A Carnival Corp cruiseship that called at Sydney on 8 March with 158 sick passengers onboard is being blamed for spreading coronavirus.
A total of 2,700 passengers were allowed to disembark from the 113,500-gt Ruby Princess (built 2008) at the Sydney cruise terminal, and the same number joined to sail to New Zealand.
Prior to arriving in Sydney, New South Wales (NSW), 158 passengers had reported being ill, including a number with coronavirus-like symptoms.
The ship, operated by Carnival's Princess Cruises subsidiary, returned to Australia's biggest city from New Zealand on 19 March and all passengers were again allowed to disembark.
Three passengers reported to hospital with flu-like symptoms and one crew member was isolated on the ship. All four later tested positive for coronavirus, including a woman who died in hospital.
Since then, 133 passengers who sailed on the ship have tested positive for Covid-19 in Australia.
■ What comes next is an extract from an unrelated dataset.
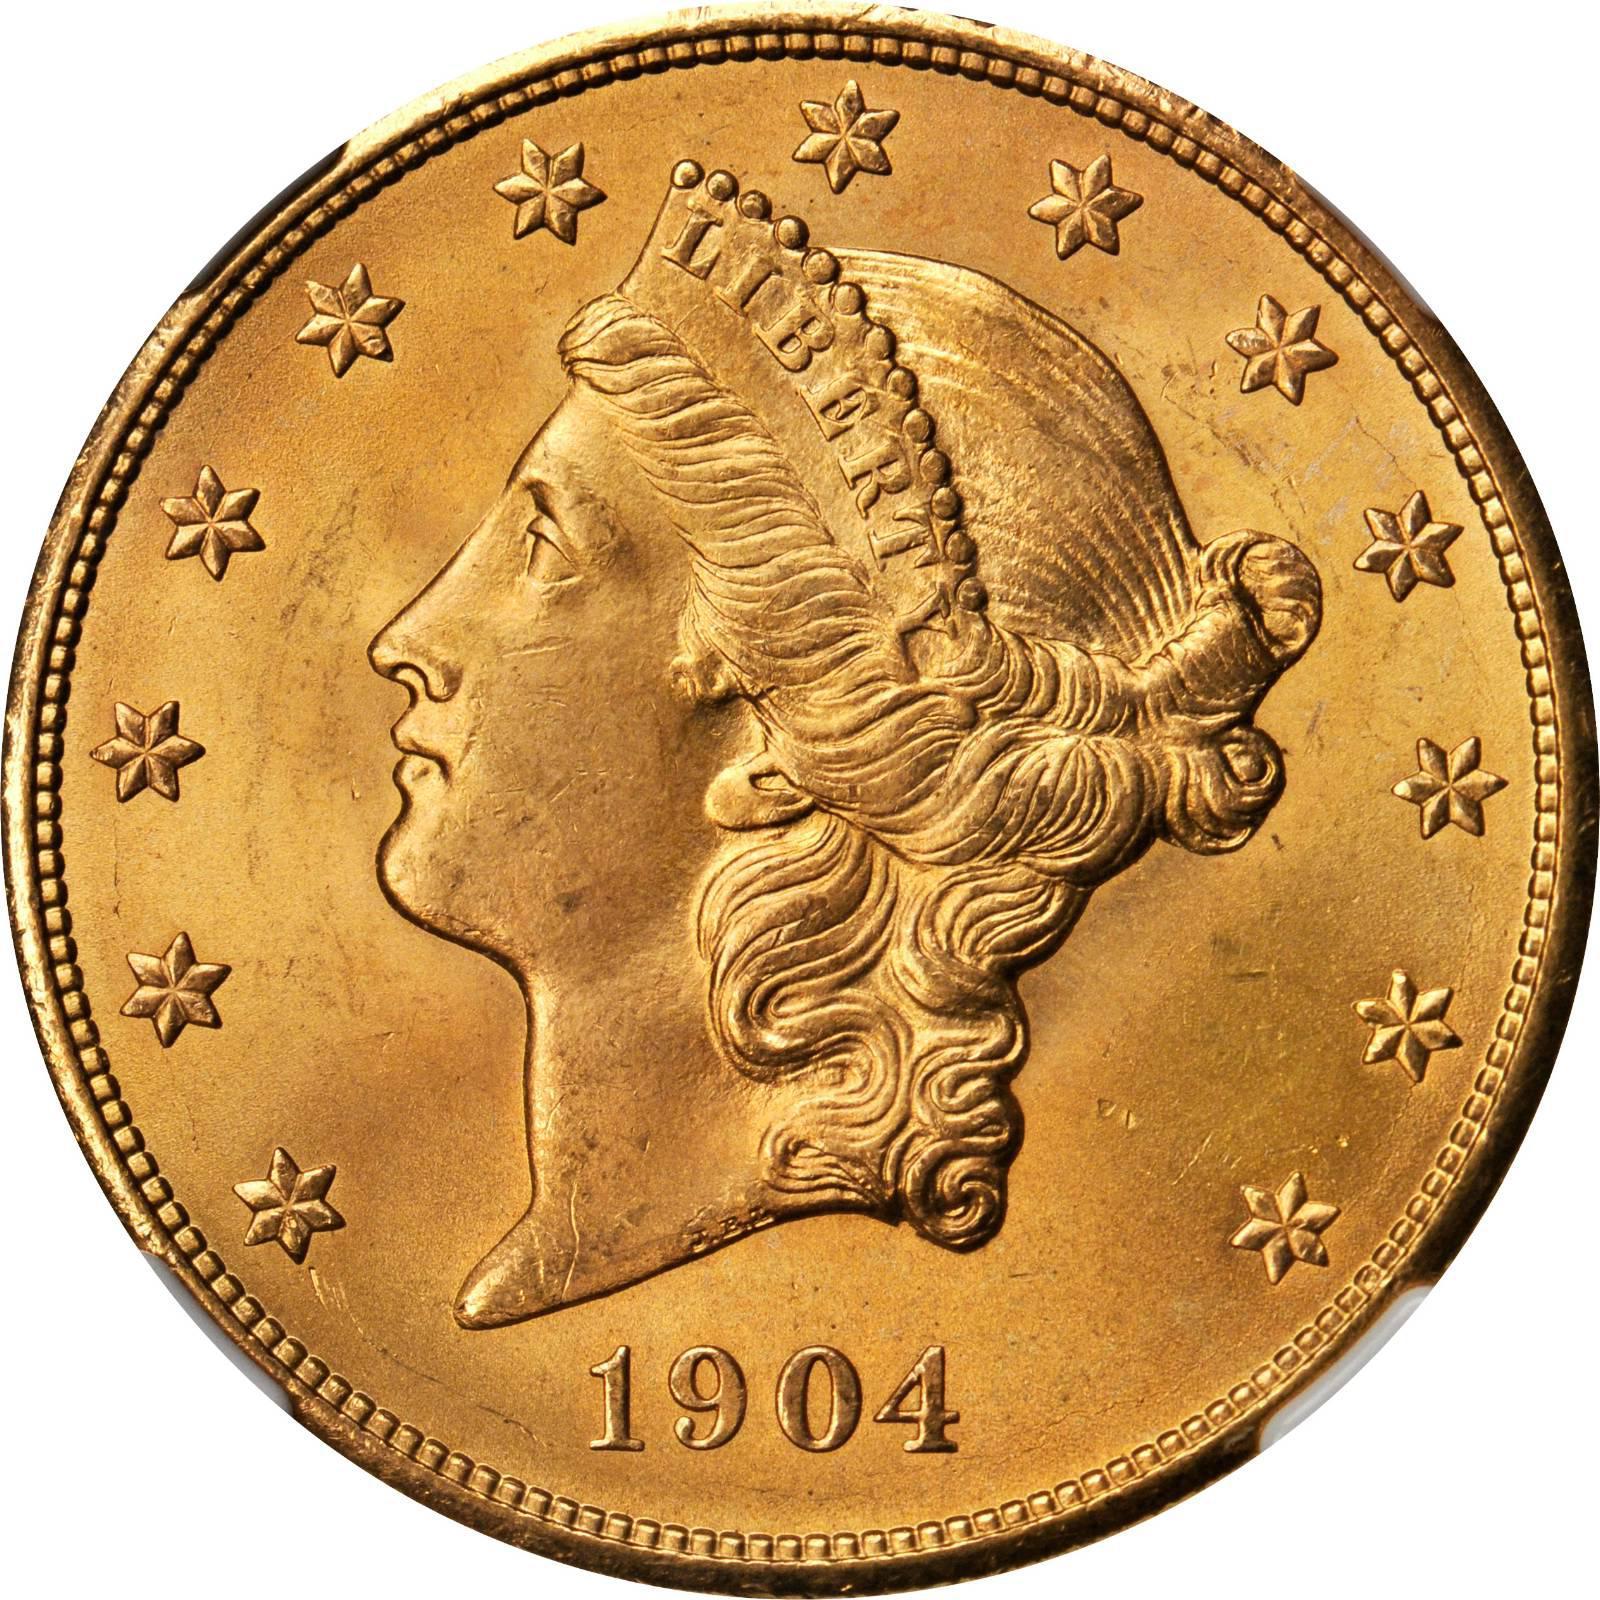 10 dollar gold coin value

A Princess Cruises spokesman said the company had acted correctly.
'Rigorous' effort
“Our onboard medical team was rigorous in its treatment of some guests who reported flu-like symptoms, and these guests were isolated,” he said
“The ship reported these cases to NSW Health, which in turn requested swabs to be provided following the ship’s arrival in Sydney, some of which subsequently tested positive for Covid-19.”
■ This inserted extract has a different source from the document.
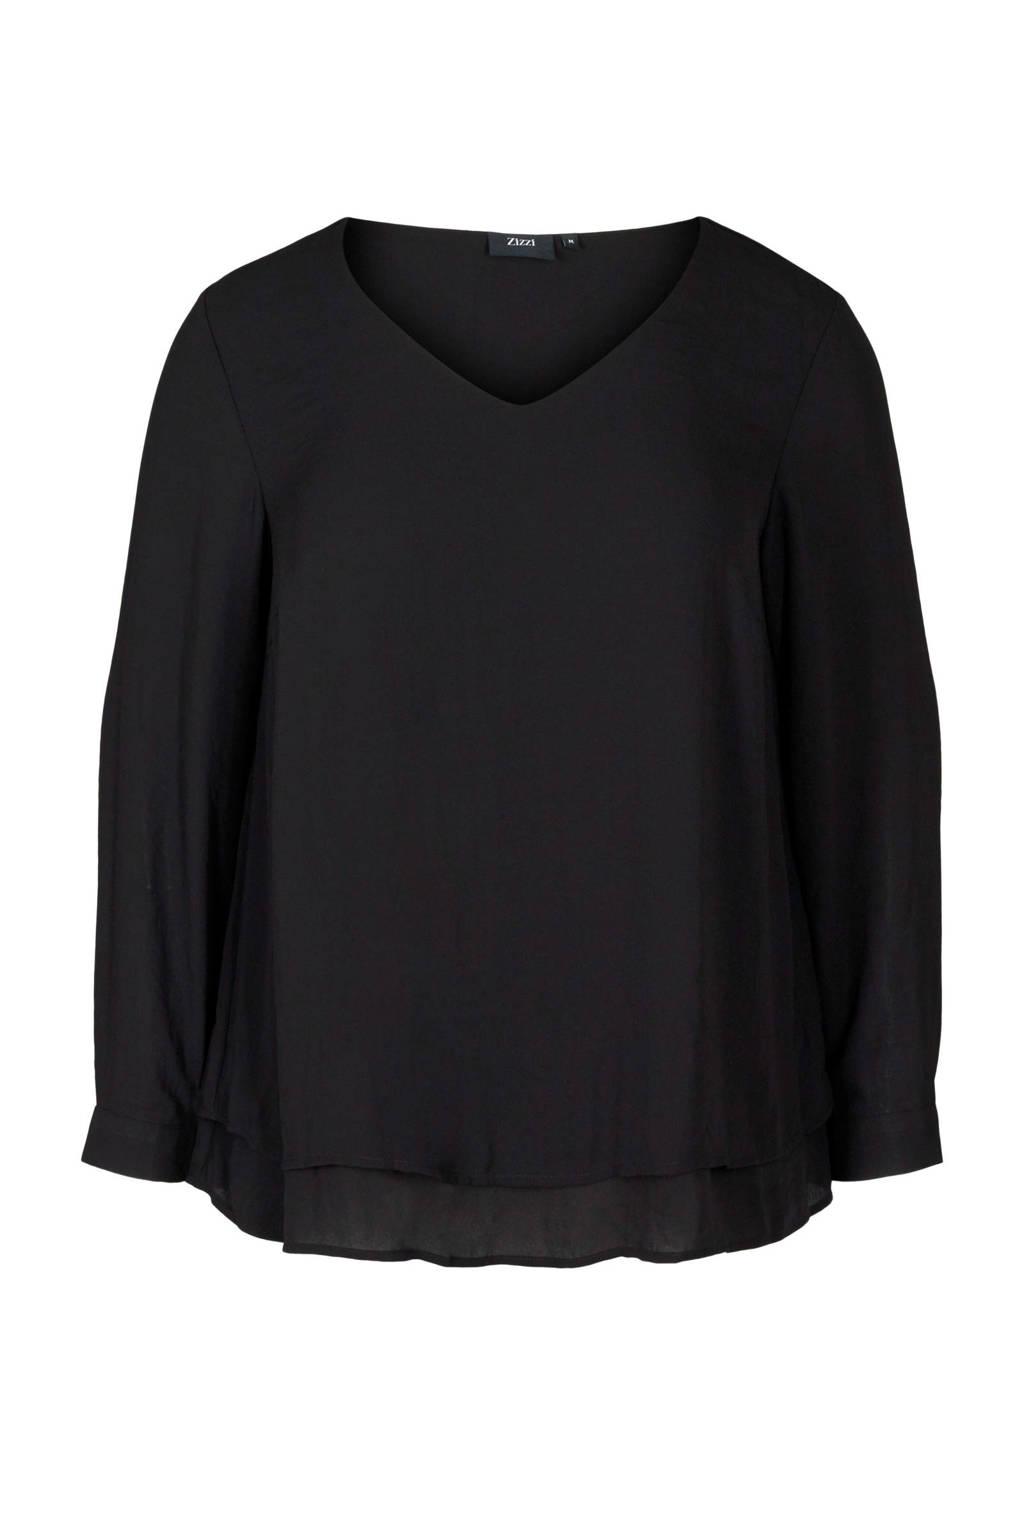 Zizzi semi-transparante blouse met ruches zwart, Zwart

The focus has turned to why NSW Health allowed the passengers to disembark and travel onward from the ship twice in Sydney despite reported illness among passengers.
NSW chief health officer Dr Kerry Chant was quoted as saying the Ruby Princess had been checked in New Zealand before returning to Sydney and no cases of Covid-19 had been detected. She said there was “no action that NSW Health could have taken to prevent those people acquiring the disease”.
“If we had had any suspicion, we would have deployed health teams,” she added. “Of course, with hindsight, we would have acted differently, had we known we had a Covid-positive cruiseship.”